Unproductive today. Spent most of it taking a nap. Tired of cloudy days. Depressed with the state of the world. The only thing I can really think is… at least I’m not angry anymore.
The effects of this Groundhog Day-like state are wearing on me. I feel like every day is the same. I am slowly but surely losing it. All I can do is lock myself inside and hope for the best.
Thinking about Paris every day. I was so happy there. All I did every single day was write. I loved it. The only downside was that the material was Andrew. Sigh. I wish I could write about literally anything else. This week I have barely written at all. It all seems so pointless right now.

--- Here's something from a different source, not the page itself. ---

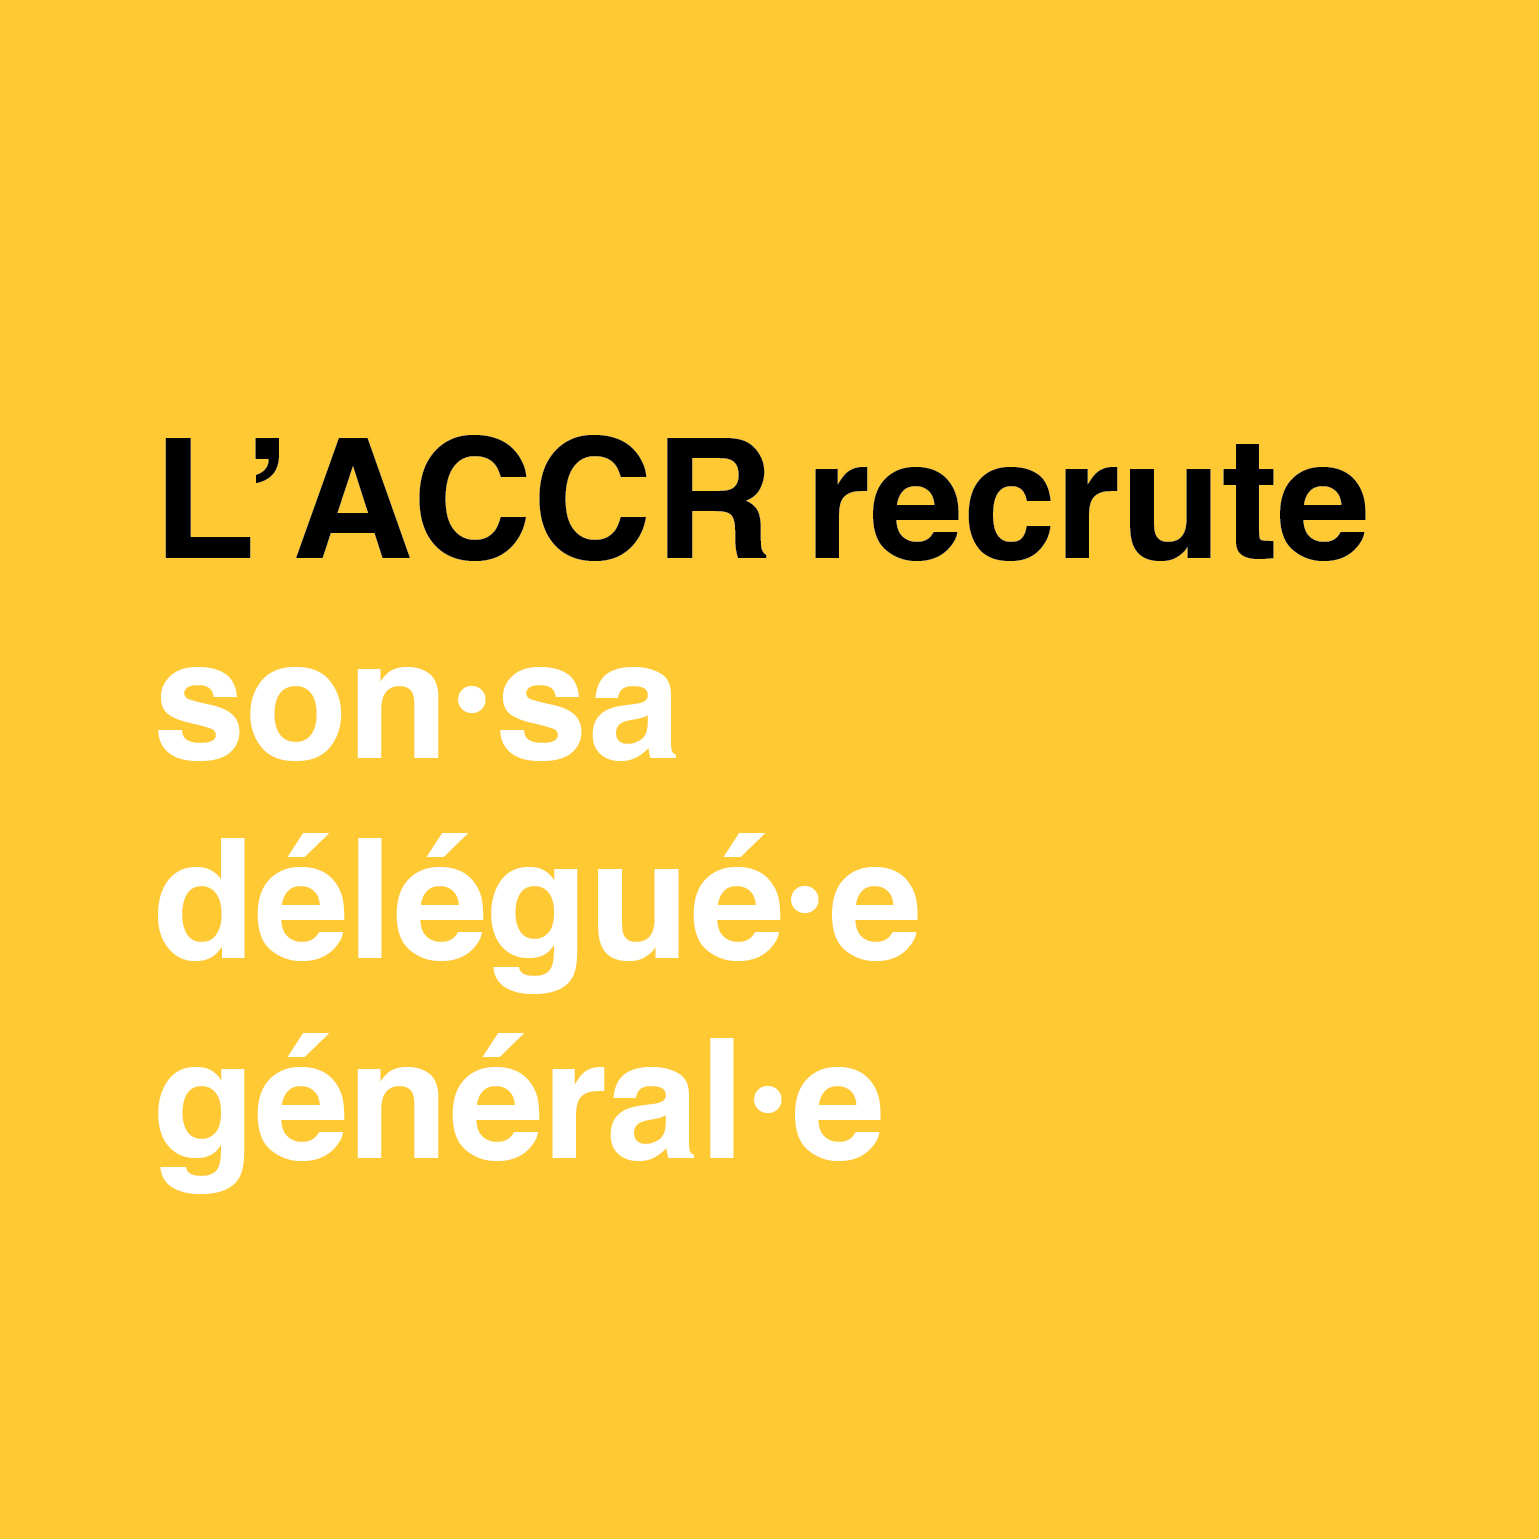 L’ACCR recrute son·sa délégué·e général·e

I’m very depressed about the job thing this week. I lost my job, I was denied unemployment, and I have writer’s block. I am trying so hard to stay motivated with the courses but it is a challenge, especially on grey, cloudy, depressing days like this one. I have no idea what I’m going to do. It’s like no matter how hard I try or how hard I work, I always end up right back where I started from. There’s no way to succeed. There’s no way to get ahead. There is nothing. No future, no hope, no nothing.
I just checked the weather report. Grey and cloudy for another week. Another week. Another week of this shit?! I’m totally gonna fucking lose it. I hate it here. I seriously just hate it here. I can’t believe after all of this bullshit I am still stranded here because of some stupid effing pandemic!